Per la verità financo coloro che dovevano approvare queste leggi non è che le condividessero e così Francesco Cossiga e Giuseppe Gargani, correva l’anno 1973 (per il breganzone, mentre la Breganze risale al 1966), si recarono dal segretario della DC, Flaminio Piccoli, per manifestare il loro dissenso. Per carità, li esortò il segretario, “se questa legge non passa, quelli ci arrestano tutti”. La legge passò, questo non li salvò dall’arresto.
Ora, grazie al lavoro di Antonio Galdo (“Guai a chi li tocca”, Mondadori) sappiamo quel che dice Massimo Breganze, figlio dell’onorevole Uberto: papà si era quasi pentito, visti gli effetti della legge. E come dargli torto? in trenta anni solo tredici magistrati sono stati giudicati scarsamente idonei, gli altri sono passati tutti. Vien quasi voglia di conoscerli, quei tredici.
L’autore sottolinea anche altre cose che, benché note, vale la pena ricordare. Il Consiglio Superiore della magistratura è un organo istituzionale, incaricato dell’autogoverno e pilastro dell’indipendenza della magistratura. L’Associazione Nazionale Magistrati, invece, è un sindacato, peraltro assai politicizzato. Ebbene, guarda un po’ il caso vi troviamo spessissimo le stesse persone e, per la precisione gli ultimi sette presidenti dell’ANM, nel corso dell’ultimo decennio, hanno in comune l’essere tutti stati componenti del CSM. Si tratta di un autogoverno sindacale che neanche la Jugoslavia di Tito avrebbe immaginato.
Il record tocca alla dottoressa Elena Paciotti: comincia come dirigente sindacale, quindi entra a far parte del CSM, da dove, poi, trasloca alla presidenza dell’ANM; da qui si trasferisce al parlamento europeo, eletta nelle liste PCI-PDS-DS. L’indipendenza, come si vede, è in buone mani.
Ma i collegamenti non si fermano qui. Francesco Misiani, detto Ciccio, raccontò che il CSM spartisce i posti di sostituto procuratore, fra le diverse correnti politiche dei magistrati, sulla base dei voti raccolti nelle elezioni dell’ANM. Nessuno ha mai sentito il bisogno di smentirlo. Chiunque pensasse alla lottizzazione, ed alla spartizione di materiale istituzionale, sarebbe fuori strada.
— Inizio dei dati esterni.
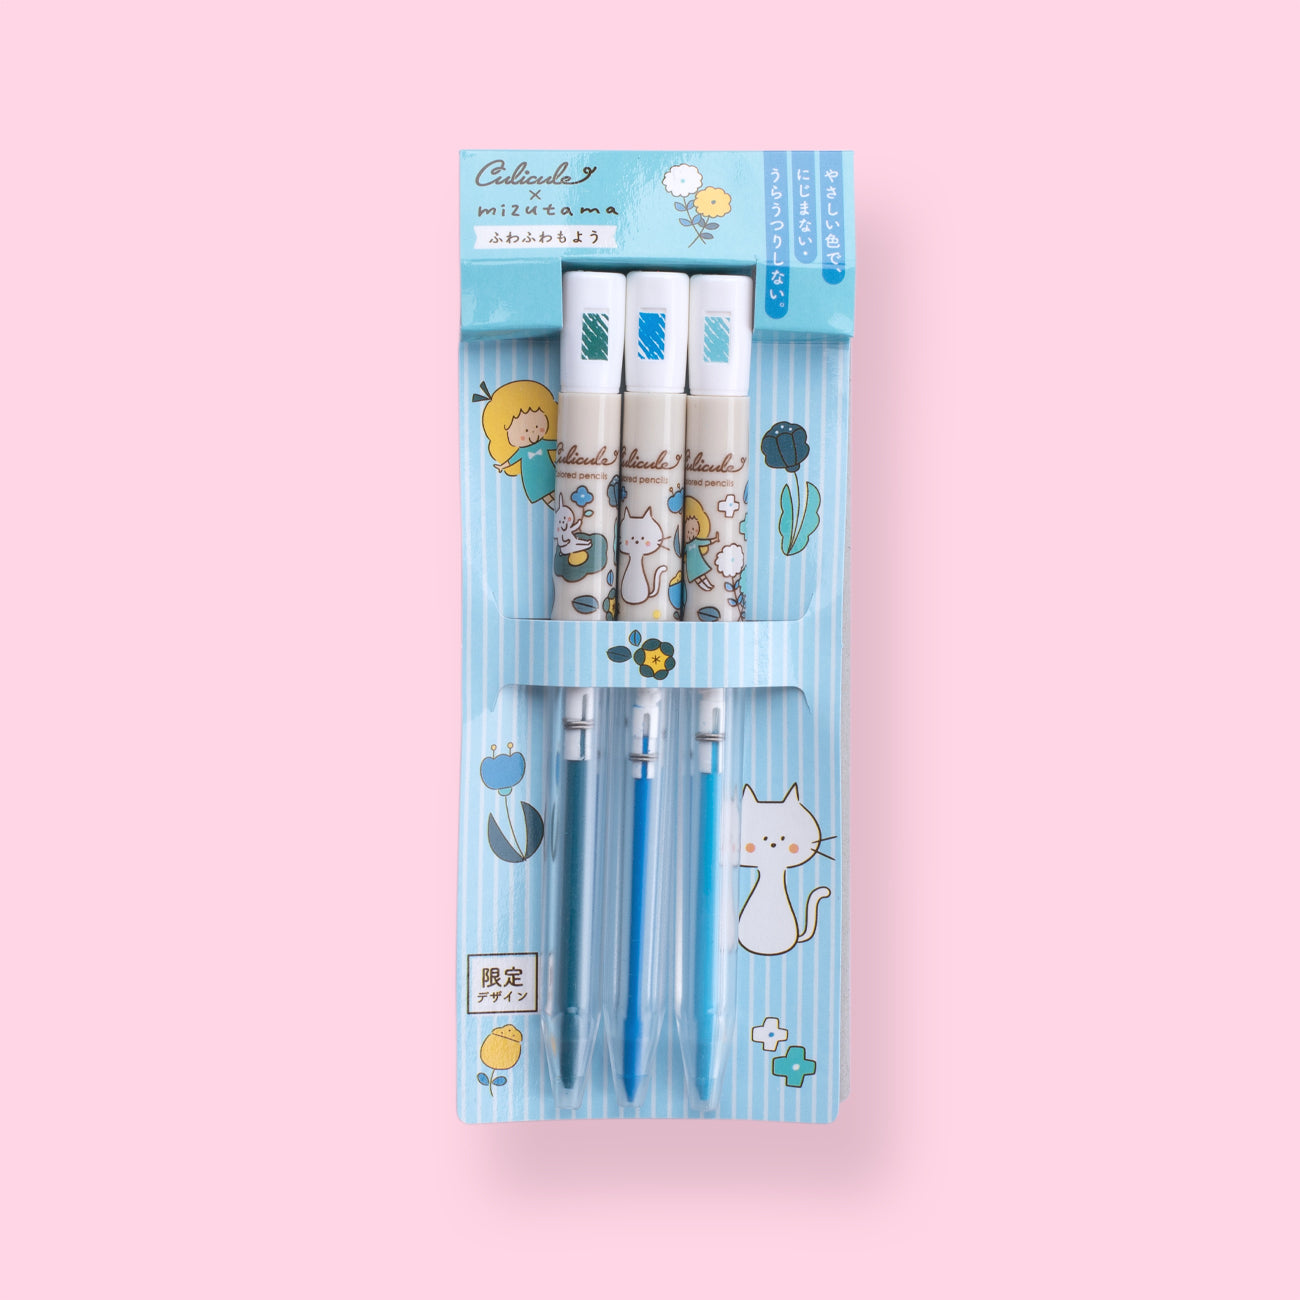 Kutsuwa Culicule x Mizutama Colored Pencils Limited Edition - Blue Cat - 3 Color Set

Si tratta della sacra tutela dell’indipendenza.
Una volta Piercamillo Davigo, magistrato presso la procura di Milano, descritto dai laudatori travestiti da giornalisti come la “mente fine” del pool, affermò che: noi magistrati siamo “i migliori”. I pochi elementi che qui abbiamo ricordato lo confermano. Aggiungerei che sono imbattibili.